The fine of €3 million is effective because it reestablishes compliance with the rules and punishes unlawful behaviour.  

Proportionate

The fine of €160,000 for an entity with turnover of €90 million may not be proportionate to the size of the entity and the severity of the infringement as is on the low side..  

The fine of €3 million for an entity with turnover of €90 million may not be proportionate to the size of the entity as is on the high side. 

The fine does not exceed the legal maximum under GDPR. 

The fine does not exceed the legal maximum under GDPR, but is very close to the legal maximum.

The undertaking does not have a legitimate inability to pay the fine. 

The company presents legitimate evidence that the size of the fine will have a serious impact on the financial viability of the company, and that there may be issues with ability to pay. 

Dissuasive

The fine of €160,000 for an entity with turnover of €90 million may not be sufficiently dissuasive for other similar sized entities. 

The fine of €3 million f0 for an entity with turnover of €90 million is likely to be sufficiently dissuasive for other similar sized entities. 

EFFECT ON FINE

Fine increased slightly to make it more proportionate to the entity and dissuasive

Fine decreased based on proportionality and the legitimate financial difficulties that such a fine would cause

FINAL FINE

€200,000

€2 million

Conclusion.

In practice it is not possible for companies to accurately calculate GDPR fines that they believe are fair and appropriate.
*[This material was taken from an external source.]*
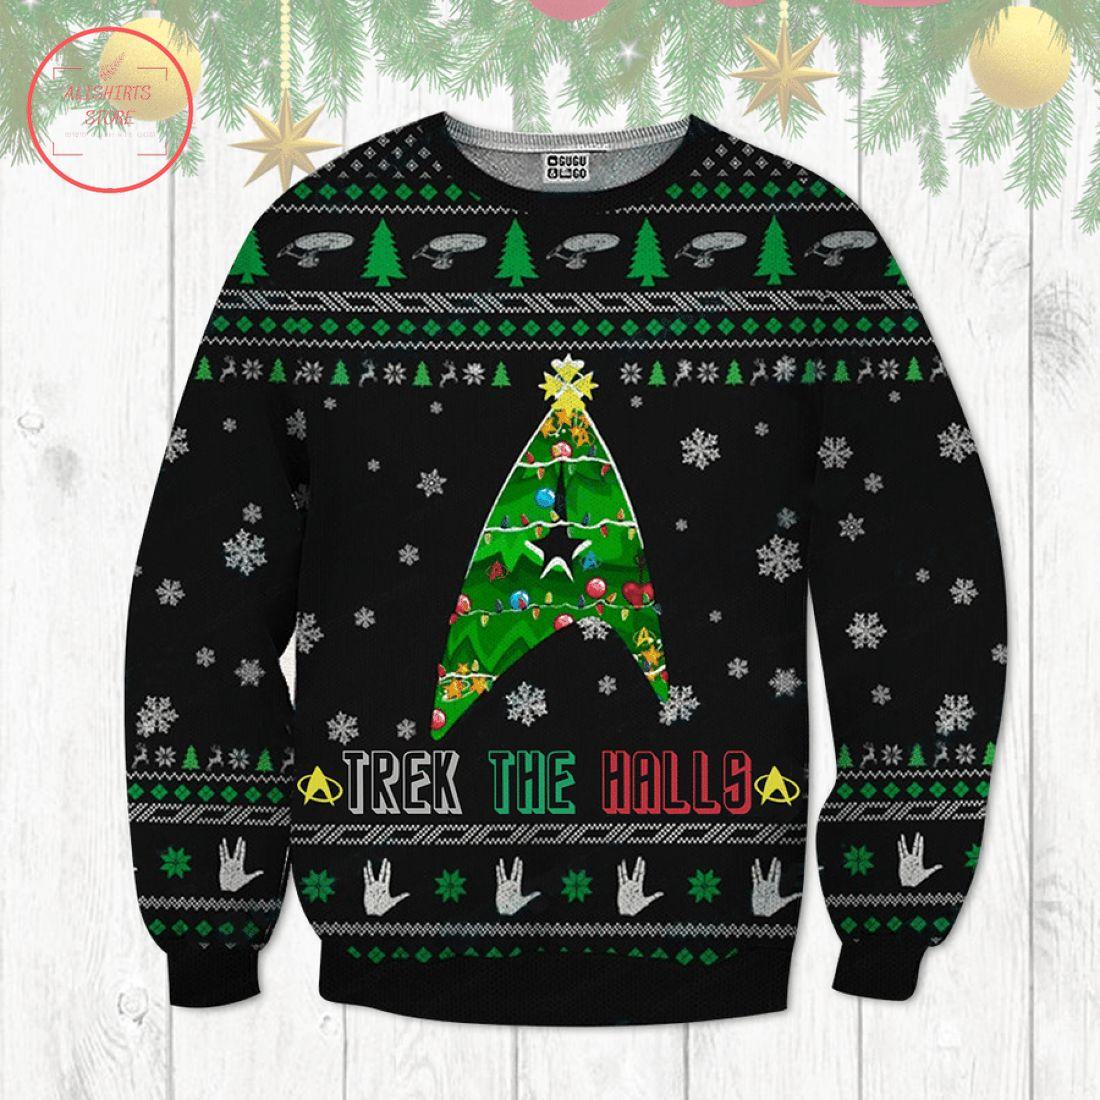 Trek The Halls Ugly Christmas Sweater

This remains the sole responsibility of the applicable supervisory authority, However, this illustrative example can give us an insight into the type of factors that companies can consider when planning responses to GDPR violations.
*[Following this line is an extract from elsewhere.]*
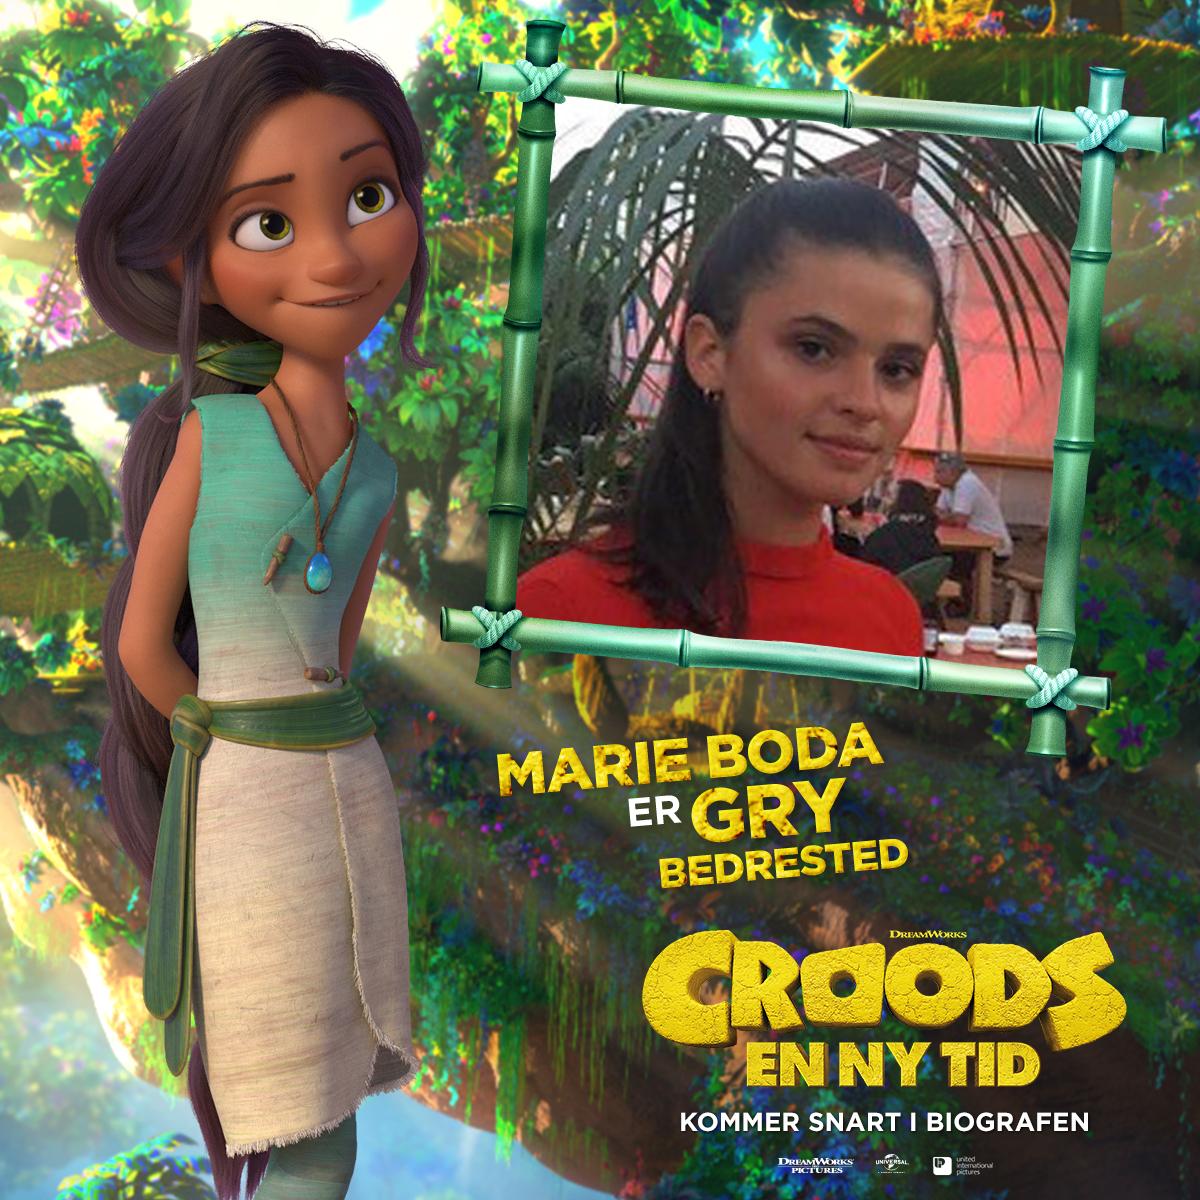 Croods - Karakterkort - Gry (Marie Boda)

In our example case, the contrasting actions of the two company responses have changed our example fine by a factor of ten, highlighting the importance of proper privacy management and an effective and transparent organisational privacy culture. It is our experience that supervisory authorities are generally fair and act in good faith towards companies who are subject to investigation and possible enforcement action. Regulators will expect this approach to be reciprocated and will most likely err on the side of leniency for companies who are open, transparent, cooperative and proactive in their response to policy infringements.